■ Supplied data
■ ■ ■ ■ ■

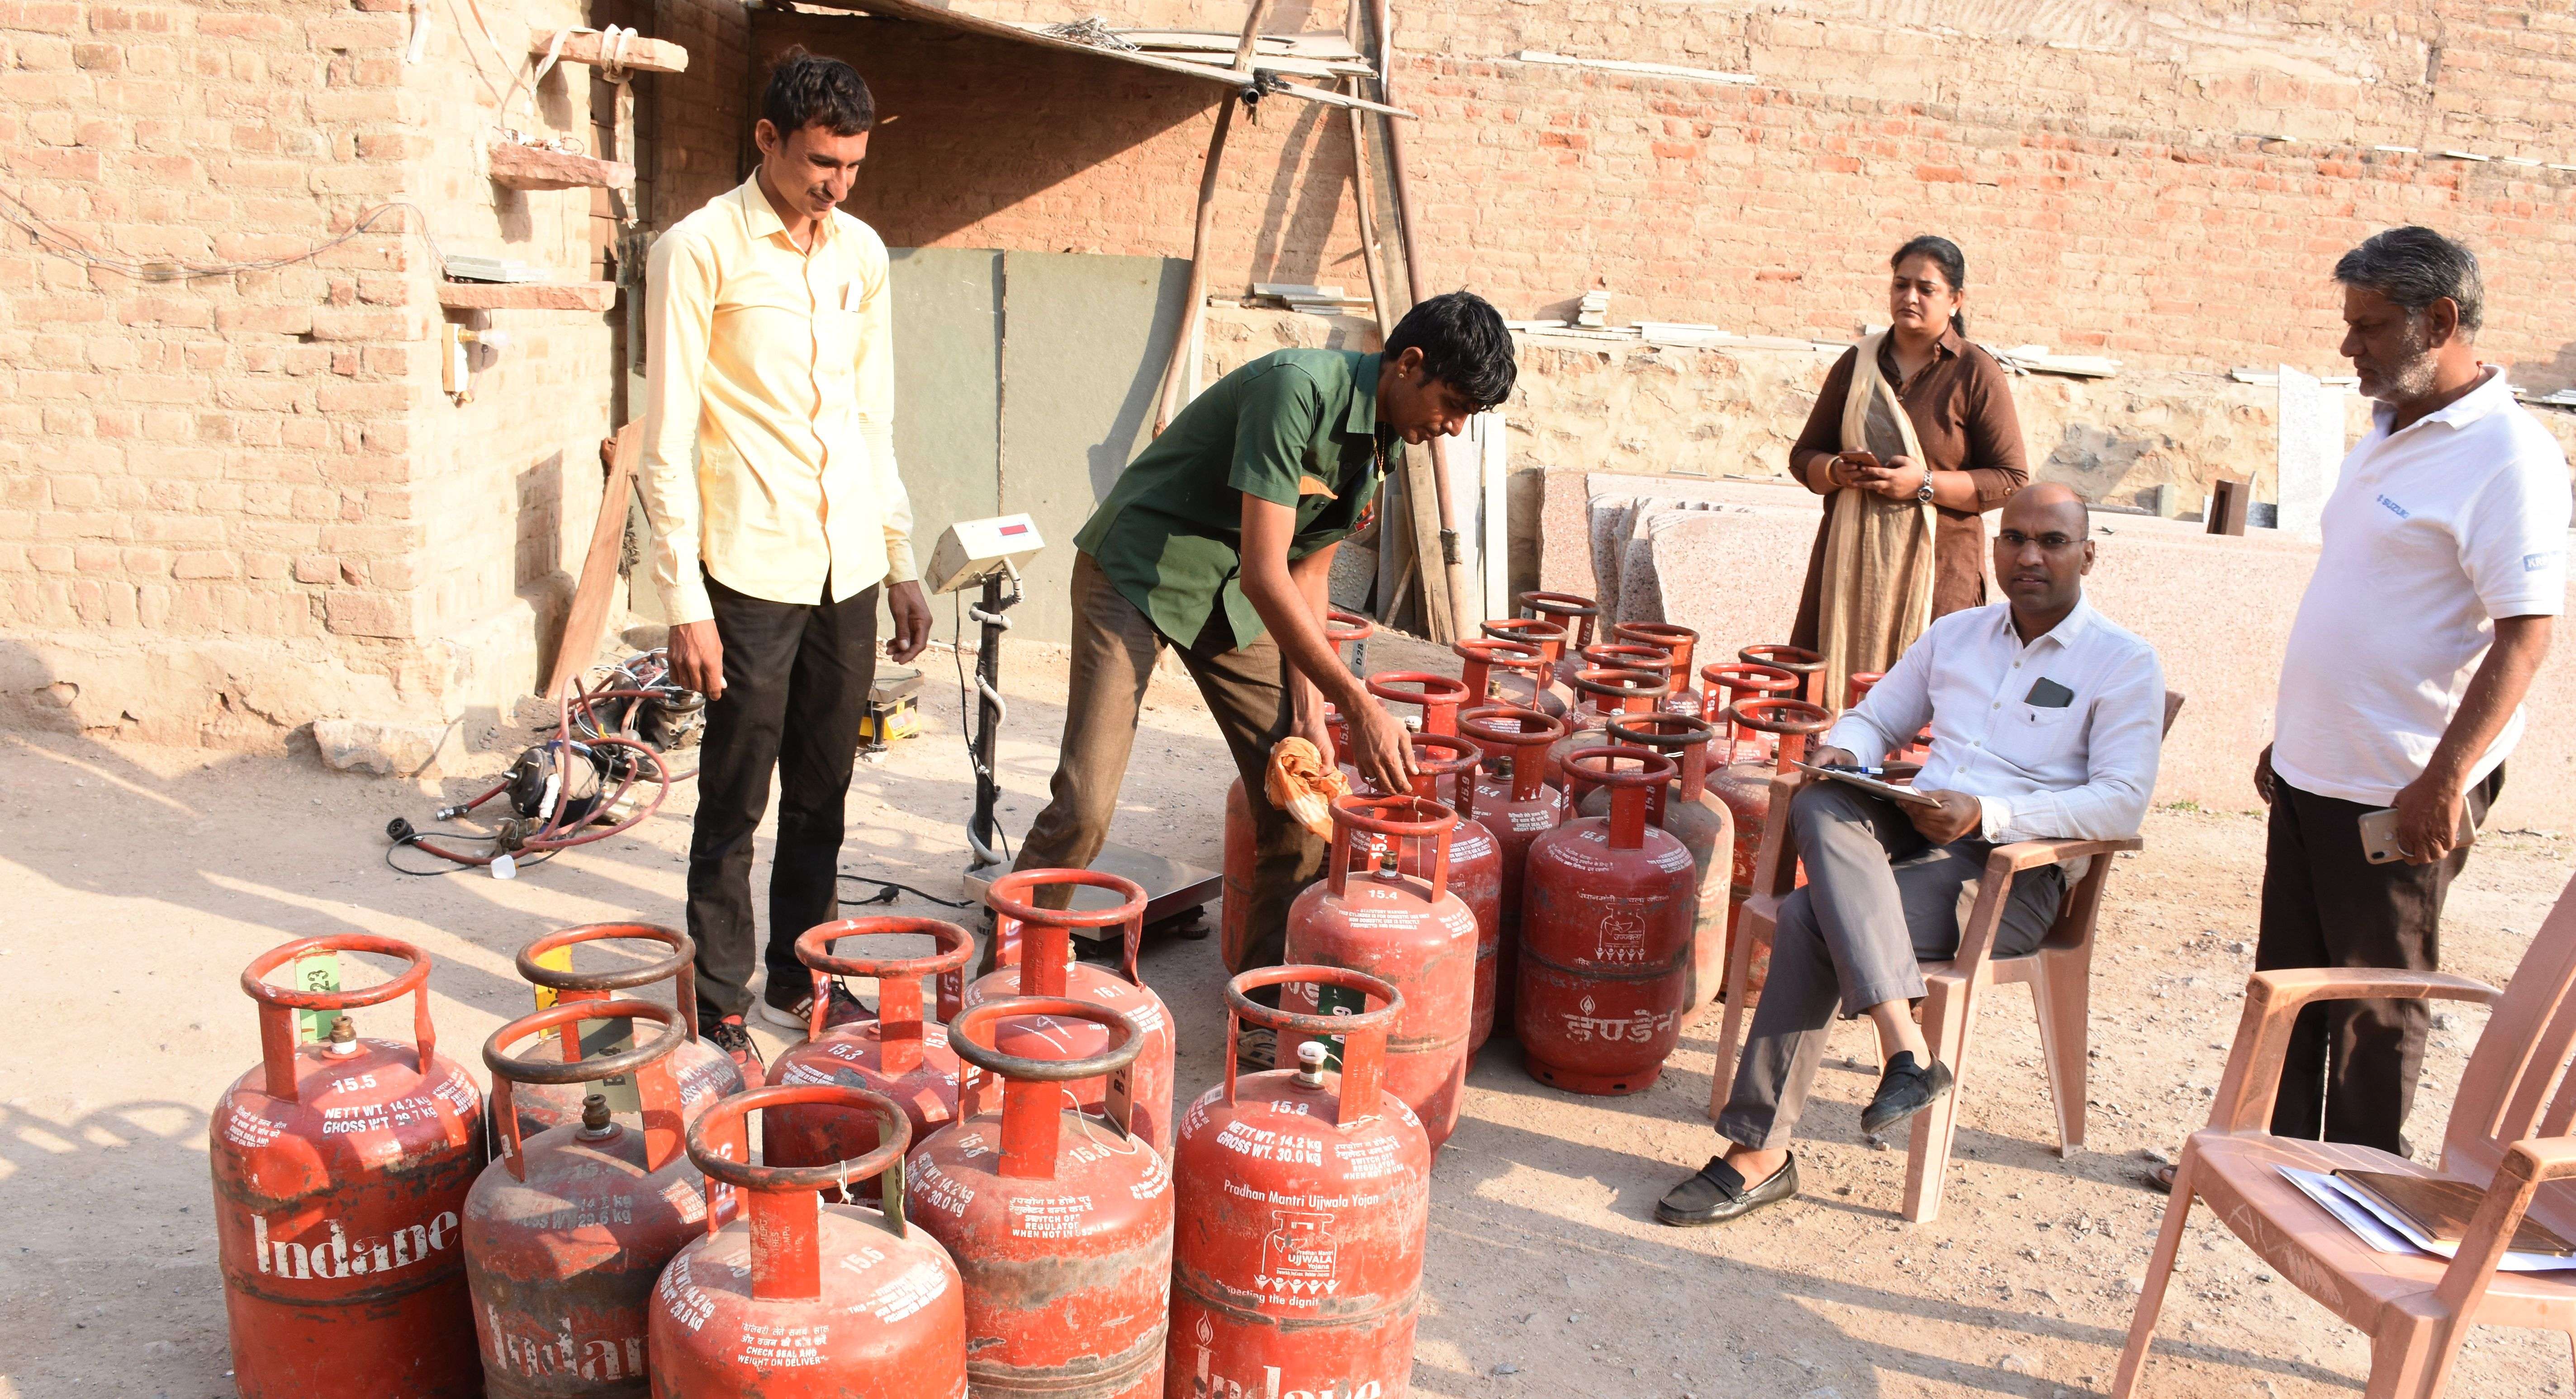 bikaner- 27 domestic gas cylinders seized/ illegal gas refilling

■ ■ ■ ■ ■

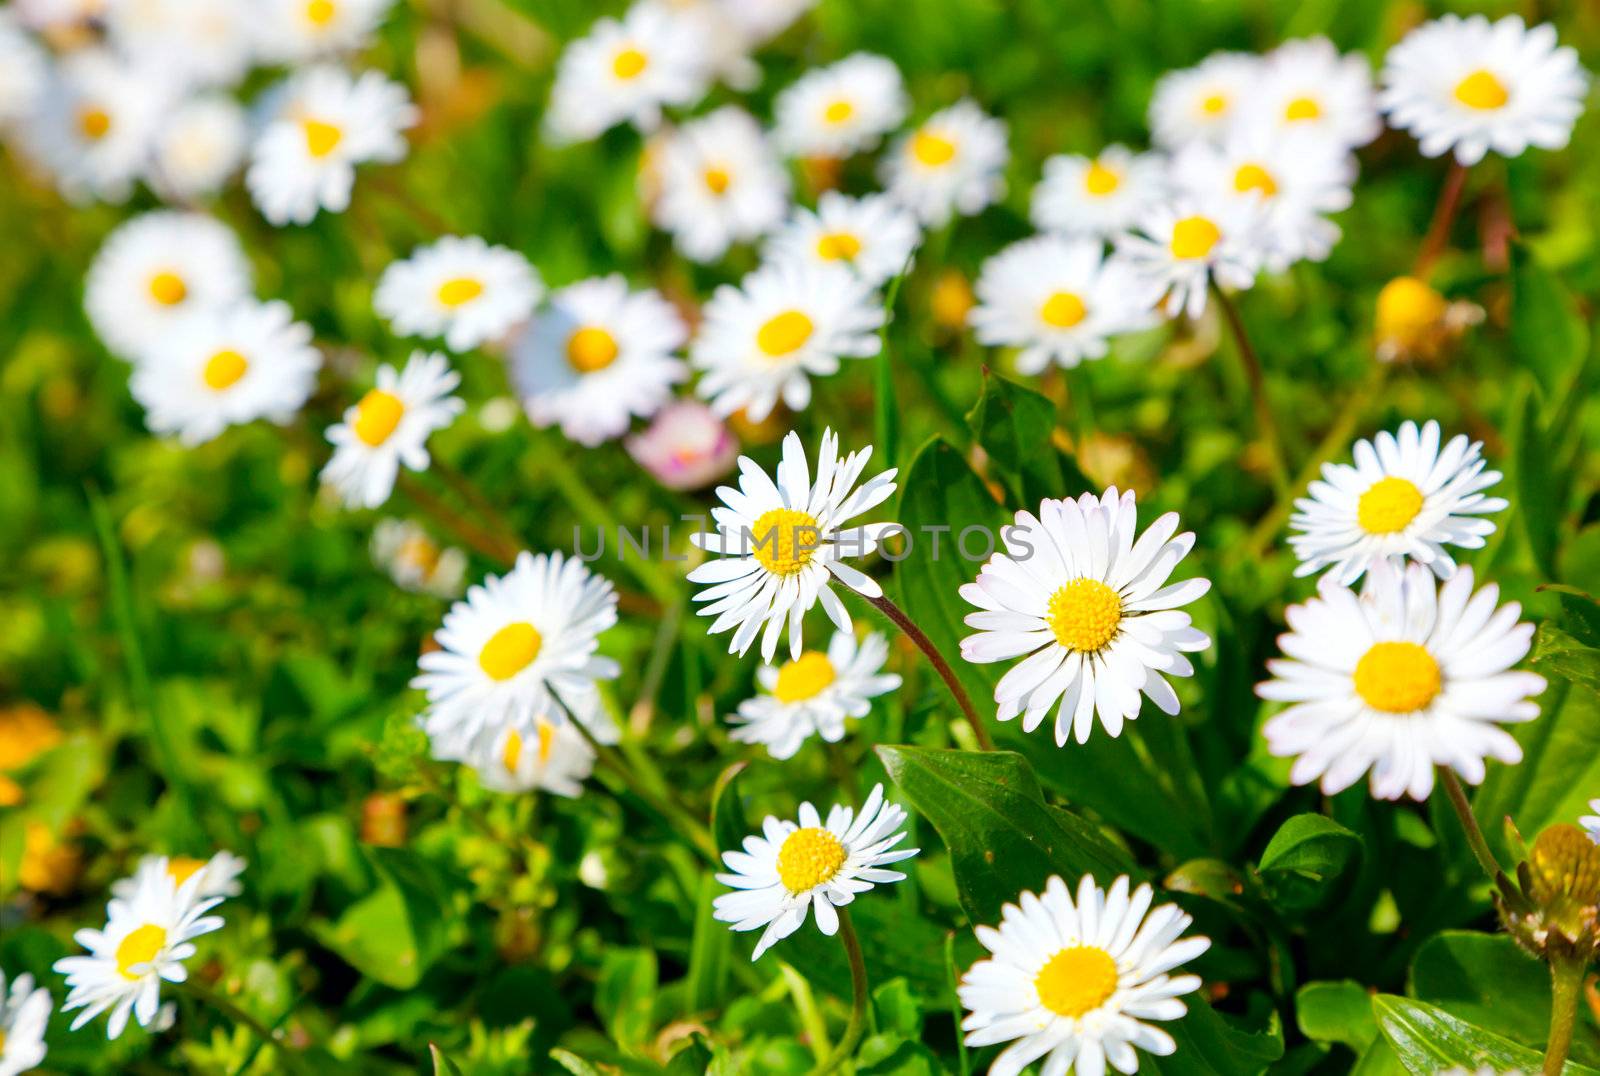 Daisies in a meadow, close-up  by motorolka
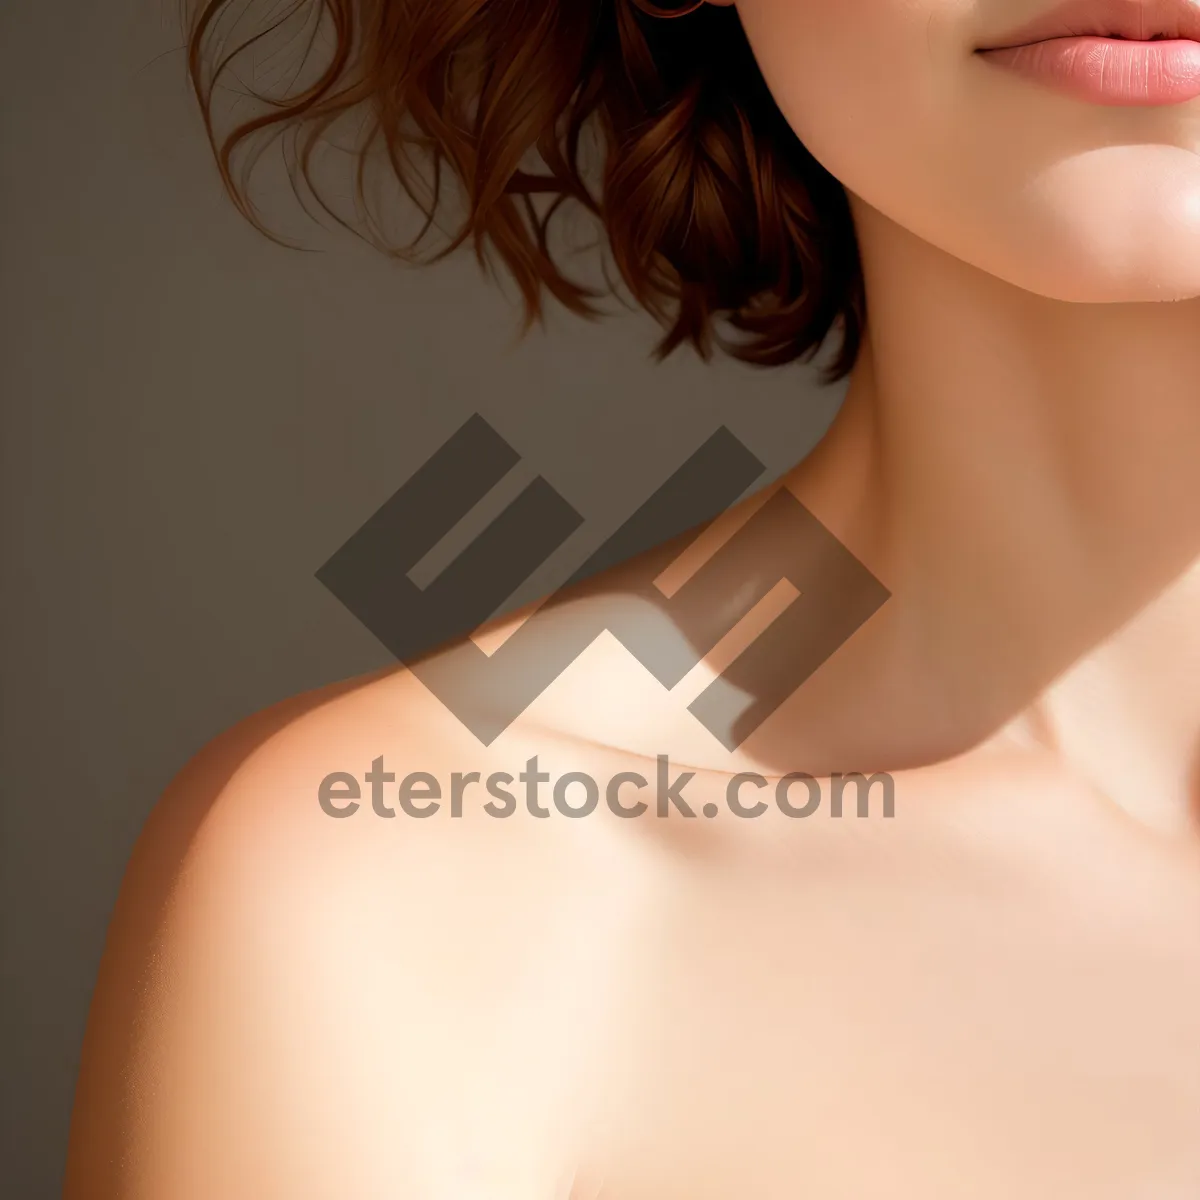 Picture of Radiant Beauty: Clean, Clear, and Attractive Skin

■ ■ ■ ■ ■

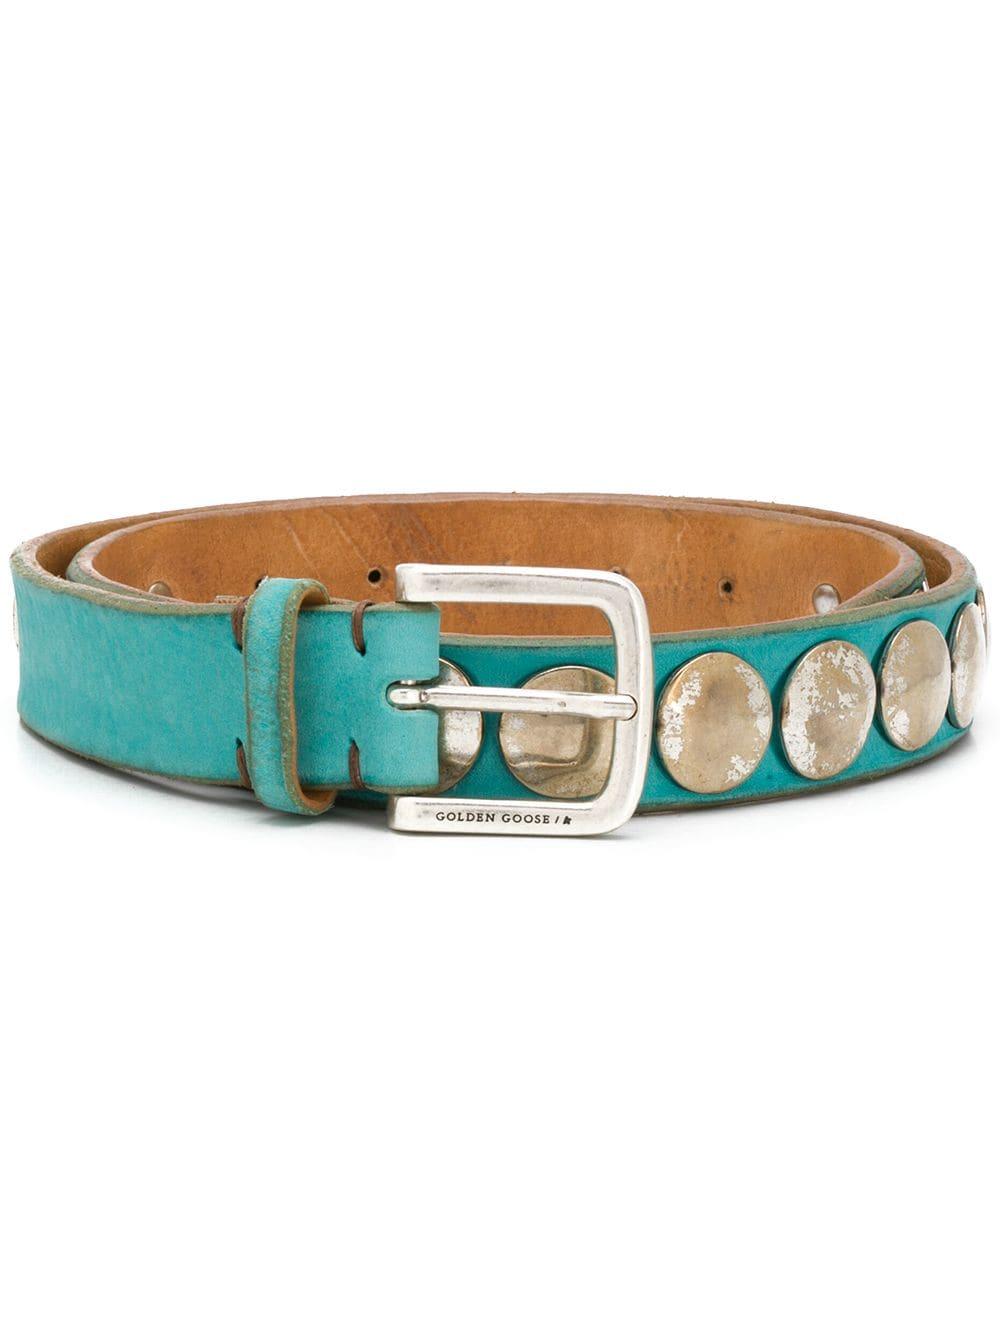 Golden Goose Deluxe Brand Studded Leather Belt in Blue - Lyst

■ ■ ■ ■ ■

■ What to work on
Using the data above, output the line that has "Daisies in a", the line that has "Picture of Radiant", and whatever lines fall between, each exactly as it stands and without pictures.

■ Answer
 Daisies in a meadow, close-up  by motorolka
 Picture of Radiant Beauty: Clean, Clear, and Attractive Skin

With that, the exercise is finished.